Data
+ + +
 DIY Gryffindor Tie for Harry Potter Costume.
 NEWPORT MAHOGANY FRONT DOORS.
+ + +
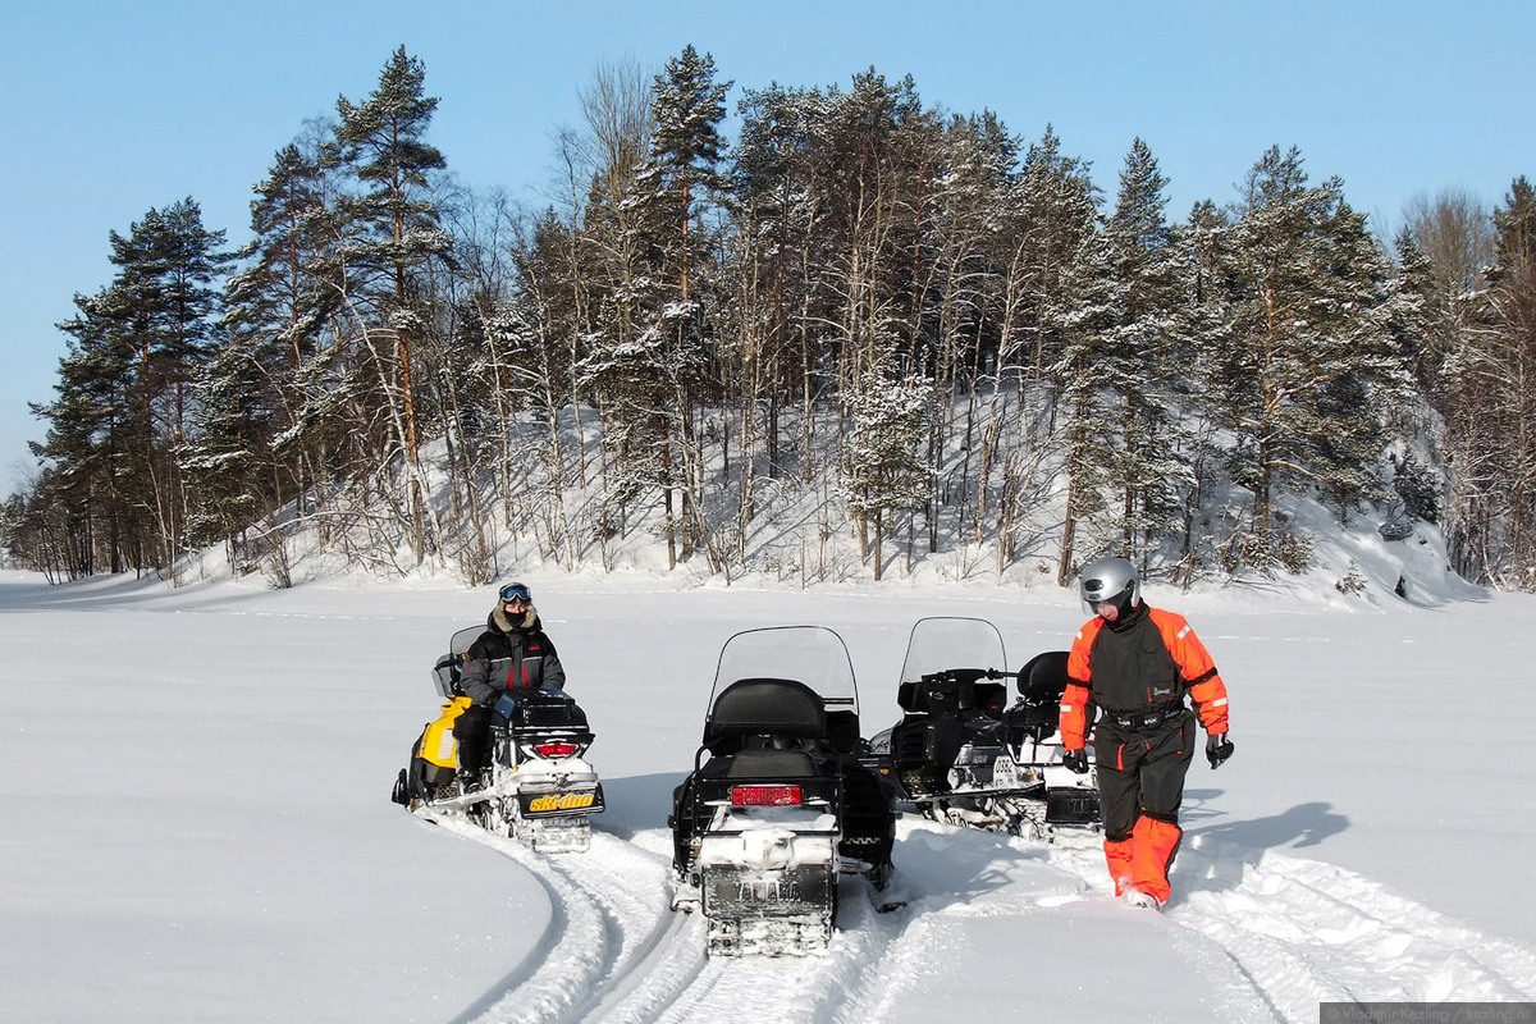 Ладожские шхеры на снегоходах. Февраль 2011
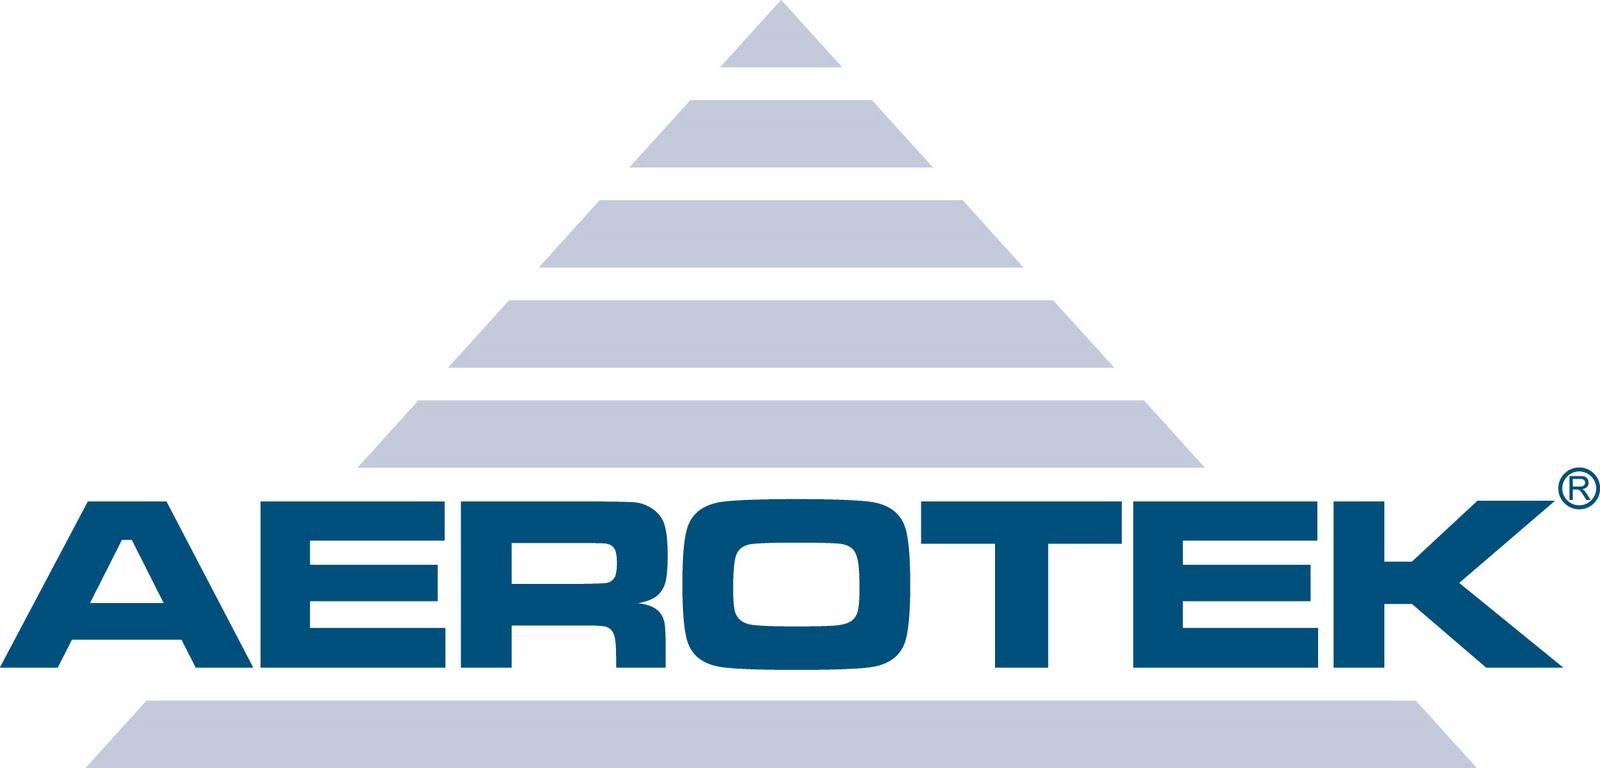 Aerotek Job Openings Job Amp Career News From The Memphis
+ + +
What you are asked to do
Only one stretch of the entries above is wanted: the lines from the one containing "DIY Gryffindor Tie for Harry Potter Costume." through the one containing "NEWPORT MAHOGANY FRONT DOORS.". Please reproduce it exactly.

Solution for this task
 DIY Gryffindor Tie for Harry Potter Costume.
 NEWPORT MAHOGANY FRONT DOORS.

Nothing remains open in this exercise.